··· Available data

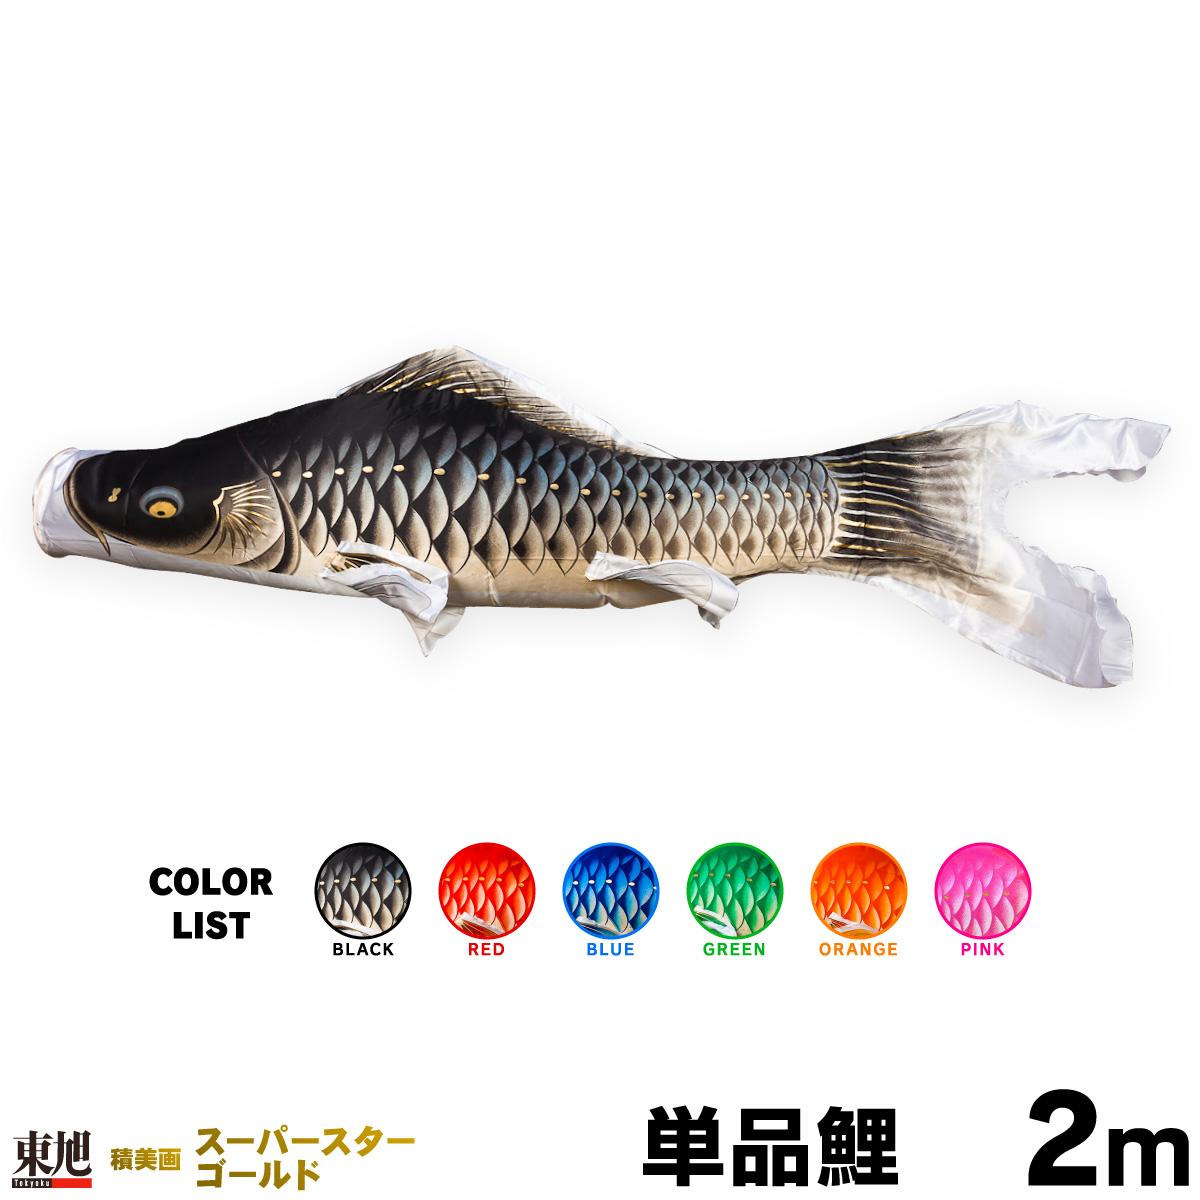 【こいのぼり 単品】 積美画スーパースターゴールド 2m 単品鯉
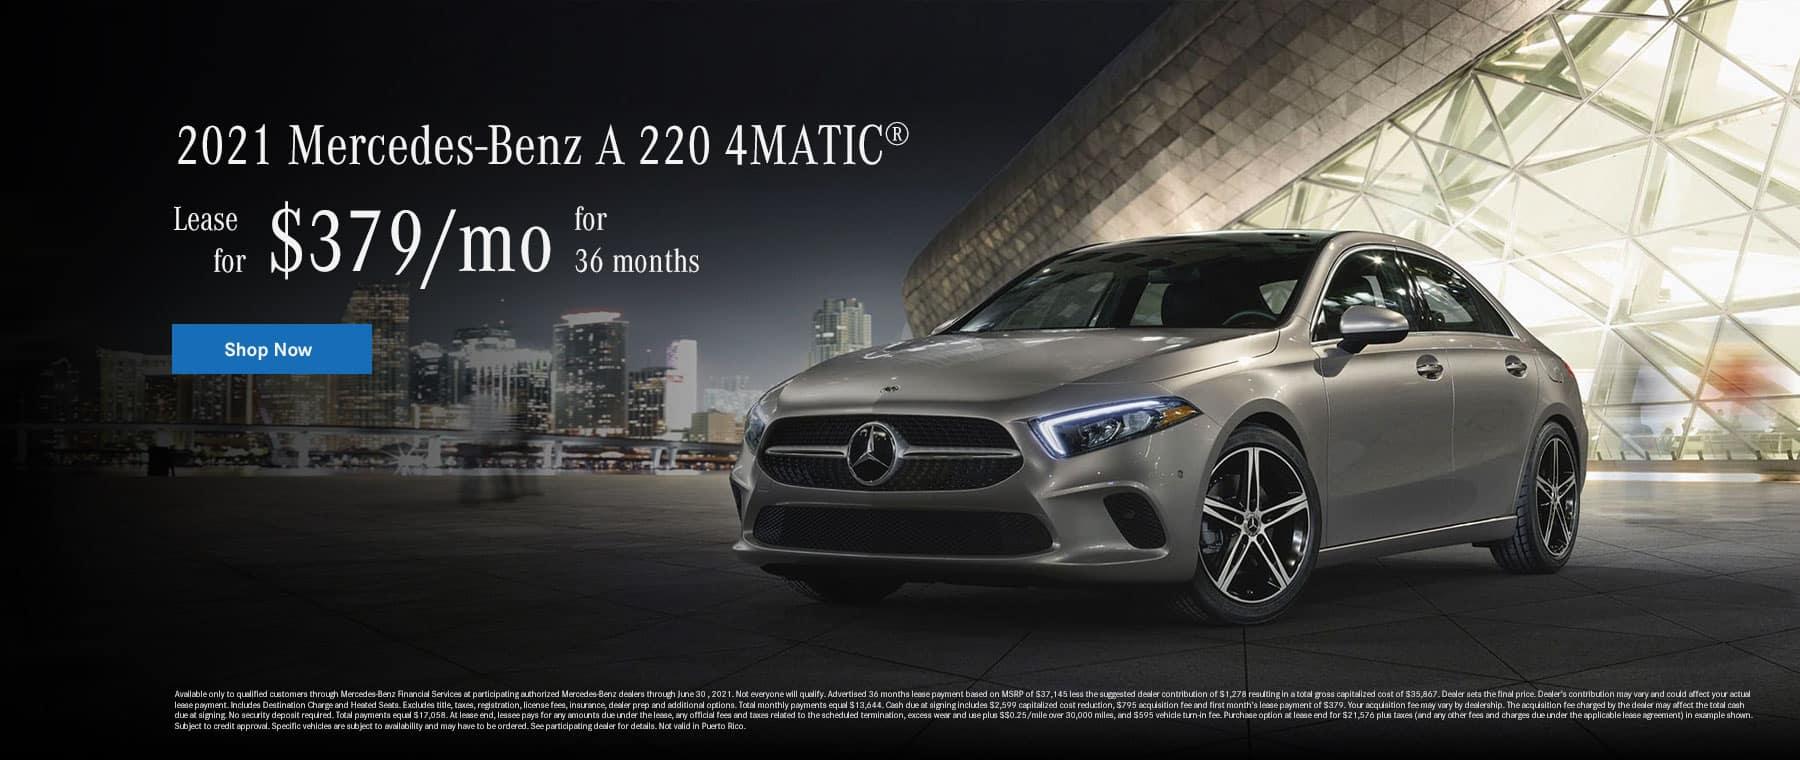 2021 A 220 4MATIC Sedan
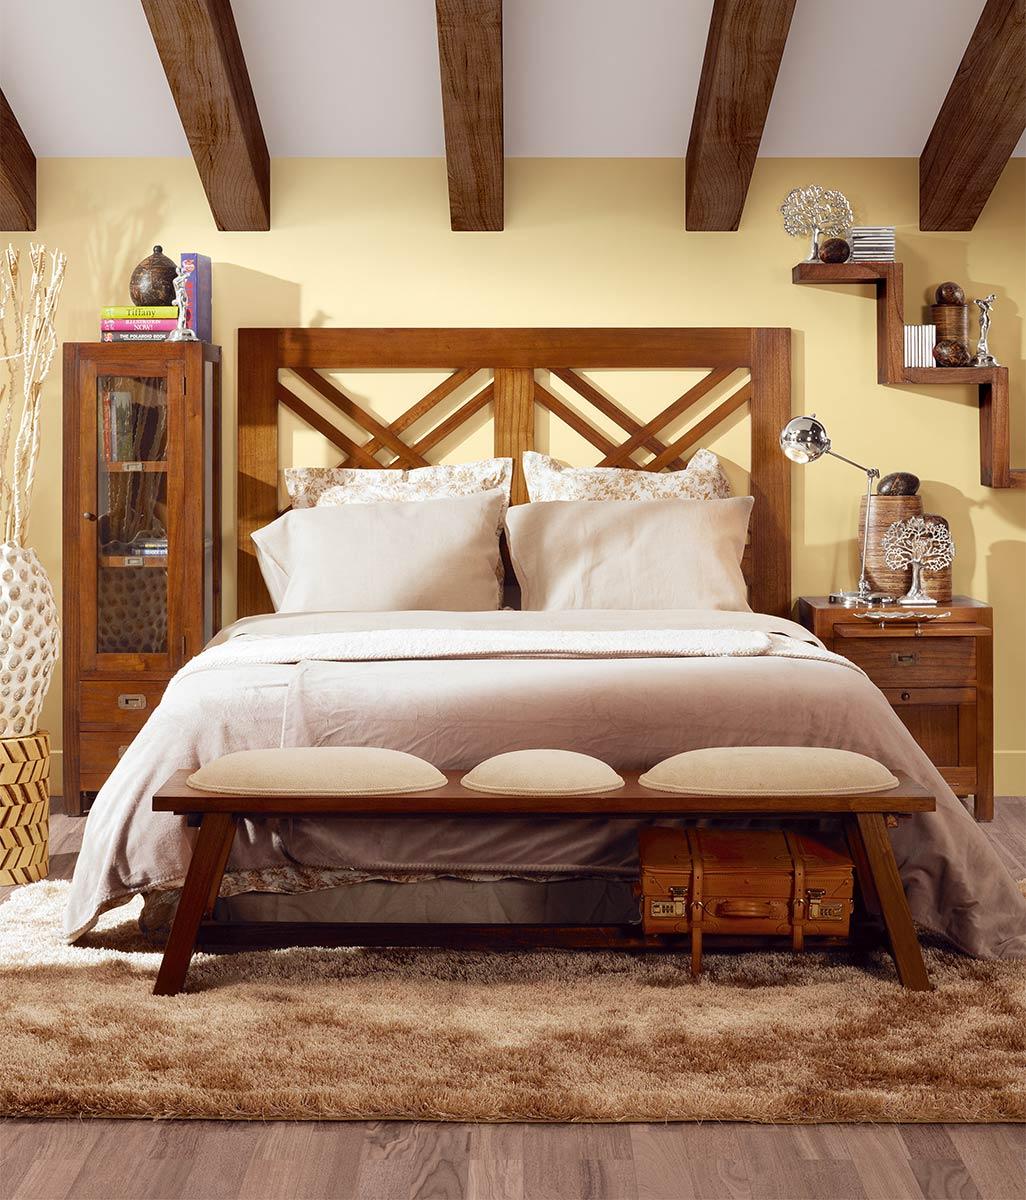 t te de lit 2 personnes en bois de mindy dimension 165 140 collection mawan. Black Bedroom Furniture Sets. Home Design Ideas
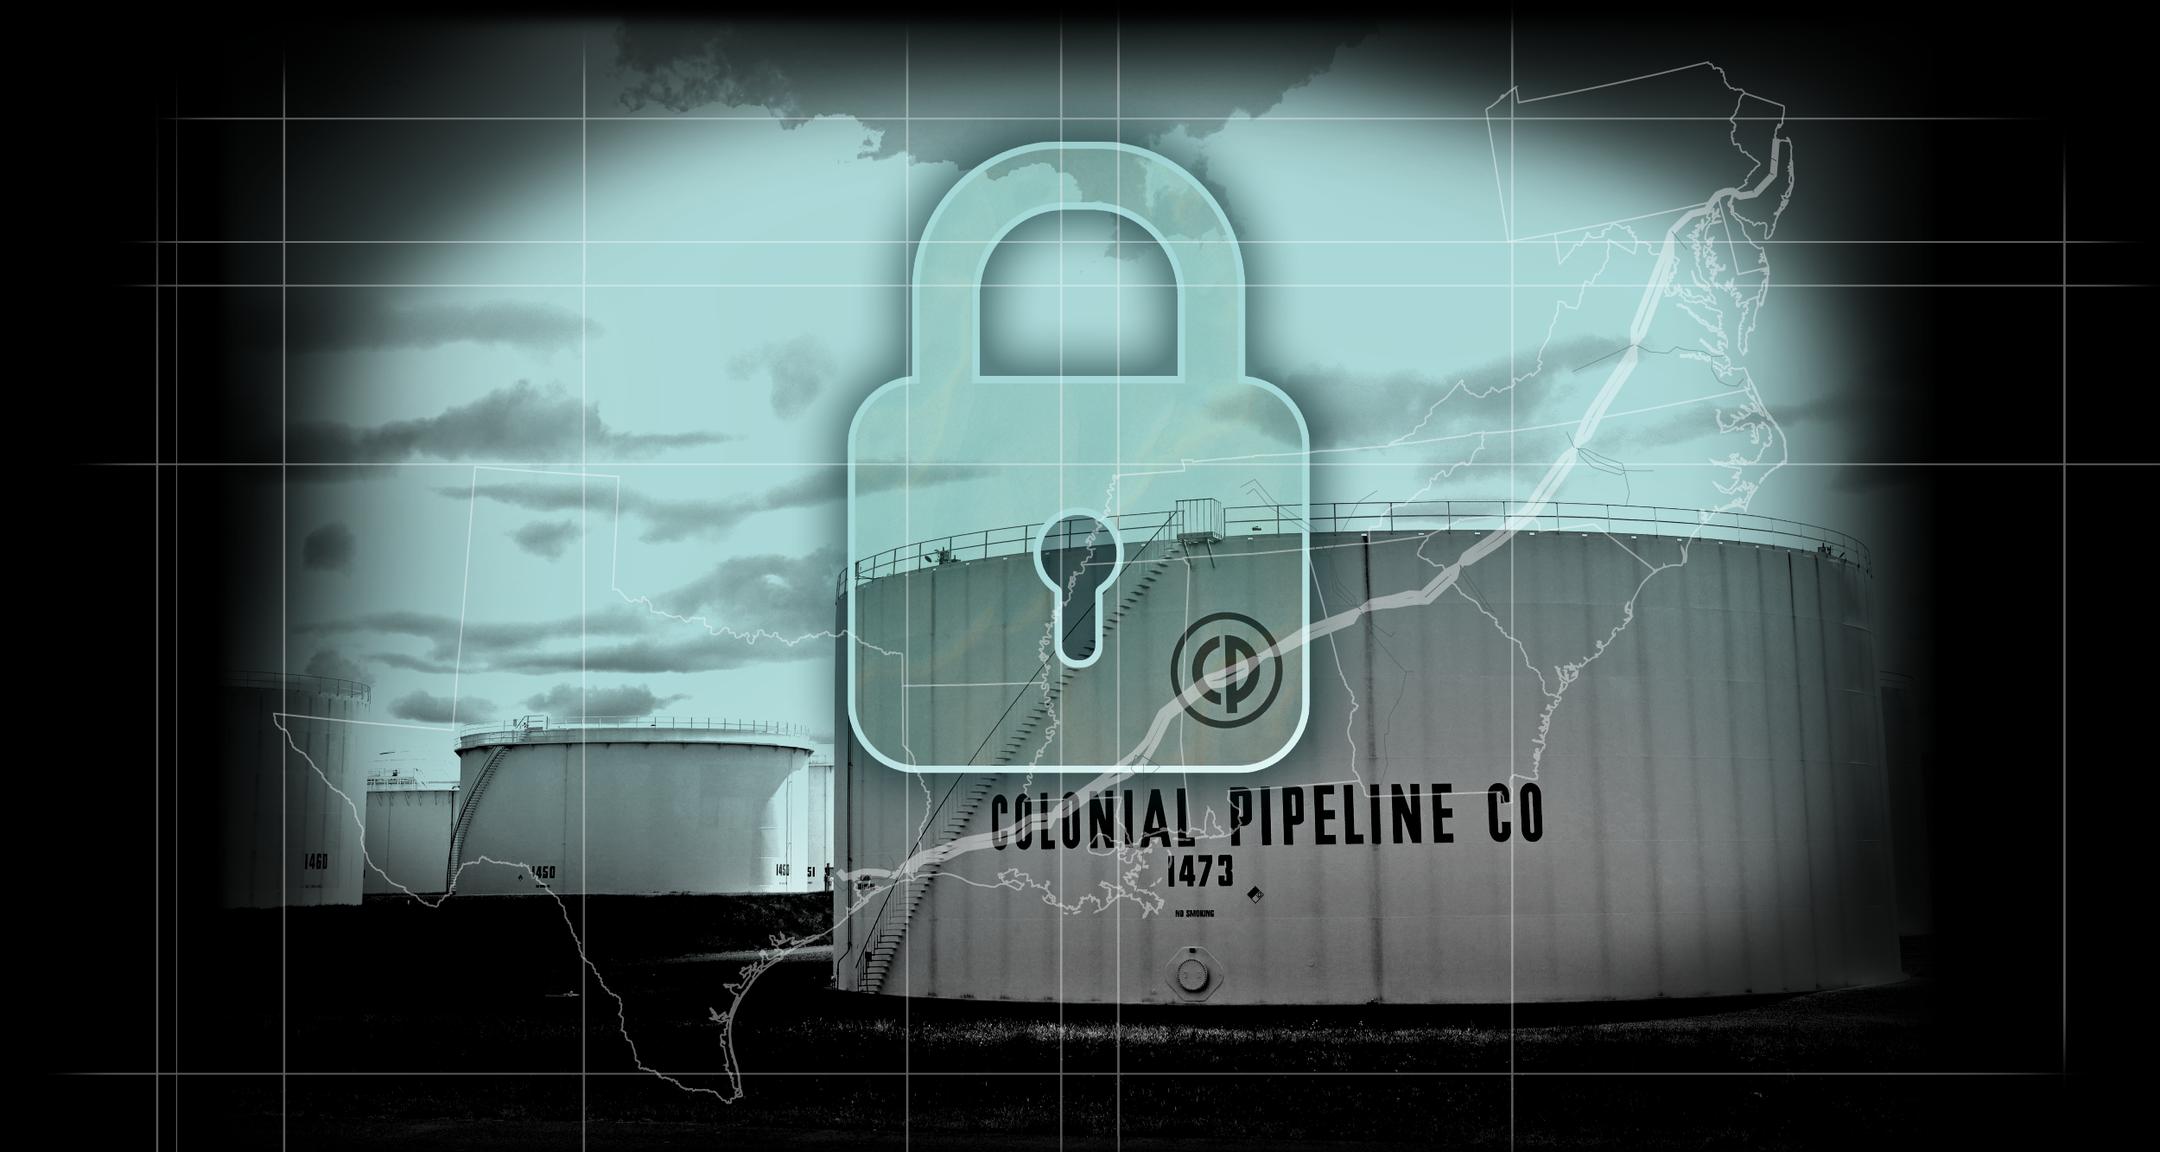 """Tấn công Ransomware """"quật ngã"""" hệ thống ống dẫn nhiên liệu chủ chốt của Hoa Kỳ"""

······

■ **What you need to do**
An exact transcription is requested of each line from the one that holds "2021 A 220 4MATIC Sedan" to the end of the listing above, both boundary lines included; pictures are to be omitted.

■ **Worked solution**
 2021 A 220 4MATIC Sedan
 t te de lit 2 personnes en bois de mindy dimension 165 140 collection mawan. Black Bedroom Furniture Sets. Home Design Ideas
 """Tấn công Ransomware """"quật ngã"""" hệ thống ống dẫn nhiên liệu chủ chốt của Hoa Kỳ"""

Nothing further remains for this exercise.